Uno de sus más fecundos apostolados fue el de la pluma: Tratado del amor de Dios, El arte de aprovechar nuestras faltas, Cartas, Controversias… Y quizá su mejor libro, de perenne actualidad, Introducción a la vida devota, que comprende una serie de normas para santificarse en el mundo.

Francisco de Sales se encontró en su camino con un alma excepcional: santa Juana Fremiot de Chantal. Entre los dos surgió una honda amistad, ejemplo típico de equilibrio afectivo entre dos almas que caminan hacia Dios. Juntos fundaron la Orden de la Visitación, que consiguió pronto óptimos frutos.

Su vida era muy intensa. En París se encontró con Vicente de Paúl, que diría después: «¡Qué bueno será Dios, cuando tanta suavidad hay en Francisco!».
Vuelve a su diócesis y, al llegar a Lyon, se sintió desfallecer. Allí rindió su alma con la calma y serenidad de toda su vida. Era el 28 de diciembre de 1622, a los 56 años de edad. Sus restos fueron trasladados a la catedral de Annecy. Hoy reposan, cerca de la cofundadora, en el monasterio de la Visitación, que domina el bello paisaje del lago y la ciudad. Canonizado en 1665, fue declarado doctor por el beato Pío IX, el año 1877.
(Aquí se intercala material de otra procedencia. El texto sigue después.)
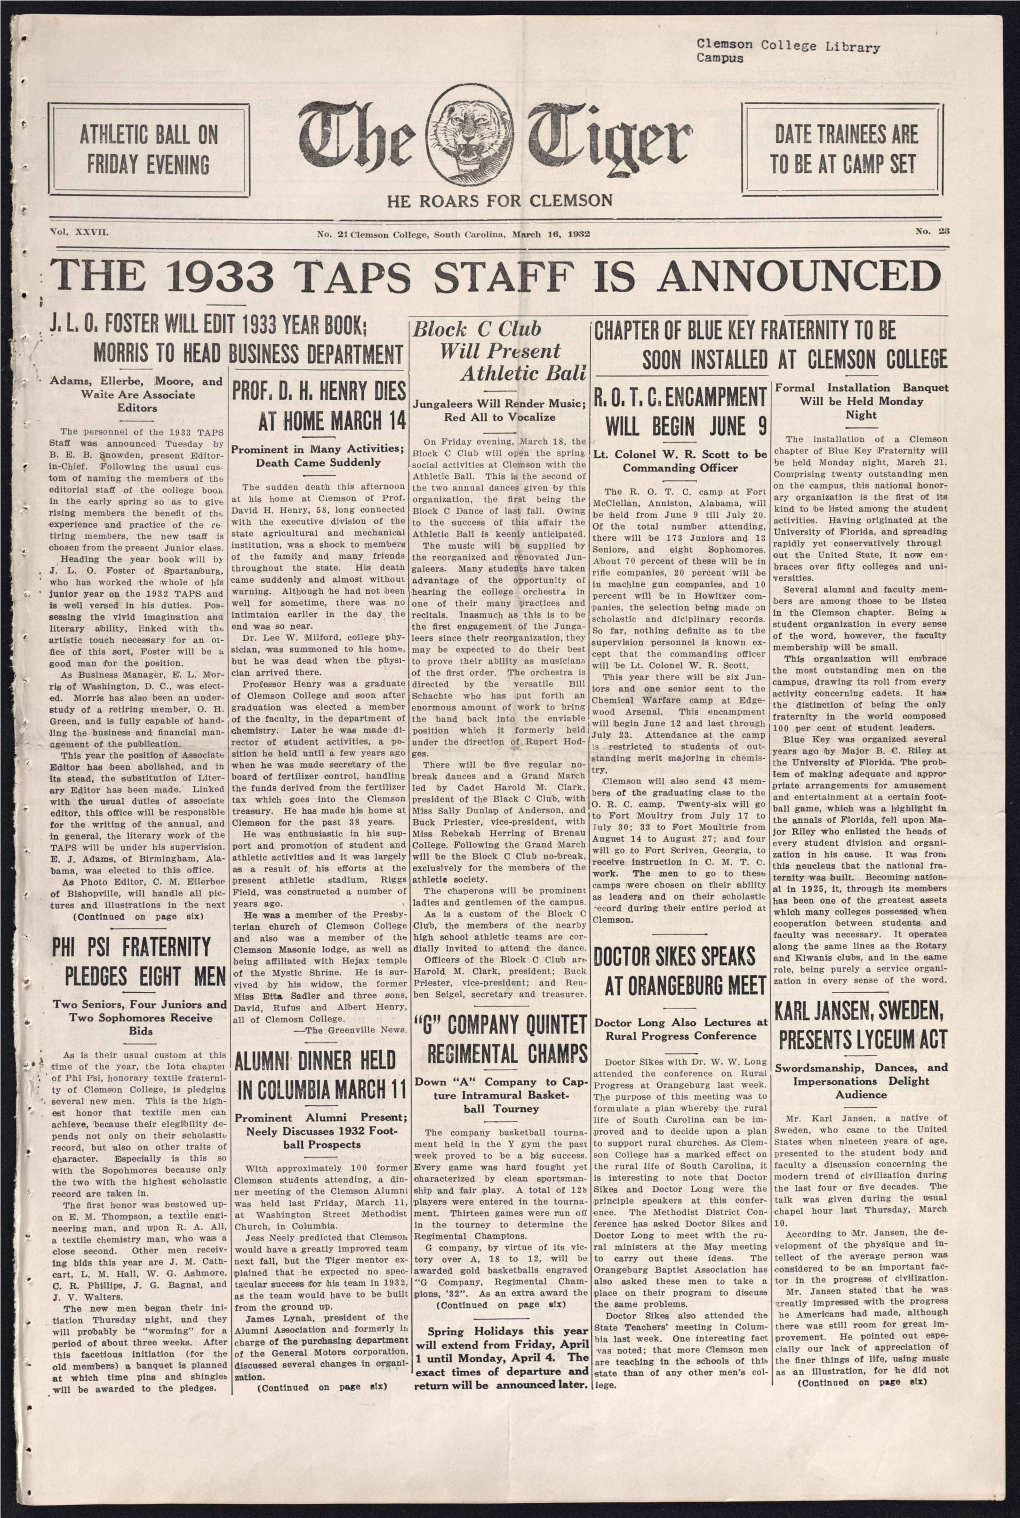 The 1933 Taps Staff Is Announced

Santos son aquéllos que guardaron toda la agresividad para sí mismos, suele decirse. Eso fue Francisco de Sales: exigente consigo mismo y ejemplo de moderación y de equilibrio para los demás. Es el santo de la dulzura, el apóstol de la amabilidad. «El más dulce de los hombres y el más amable de los santos», a pesar de su fuerte temperamento. Se cuenta que, al hacerle la autopsia, encontraron su hígado endurecido como una piedra, explicable por la violencia que se había hecho aquel hombre de fuerte carácter, que era en el trato todo delicadeza y suavidad. «En los negocios más graves derramaba palabras de afabilidad cordial; oía a todos apaciblemente, siempre dulce y humilde», afirma la cofundadora, que le conocía bien.

El estilo afable y caritativo que utilizaba para atraer almas a la Iglesia Católica, queda reflejado en lo que manifestó una vez a santa Juana de Chantal: «Yo he repetido con frecuencia que la mejor manera de predicar a los herejes es el amor, aun sin decir una sola palabra de refutación contra sus doctrinas».
La influencia de san Francisco de Sales en la espiritualidad ha sido enorme. Cuando san Juan Bosco buscó protector para su familia religiosa, lo encontró en él, y por eso su obra se llama salesiana. Es patrono de los periodistas católicos.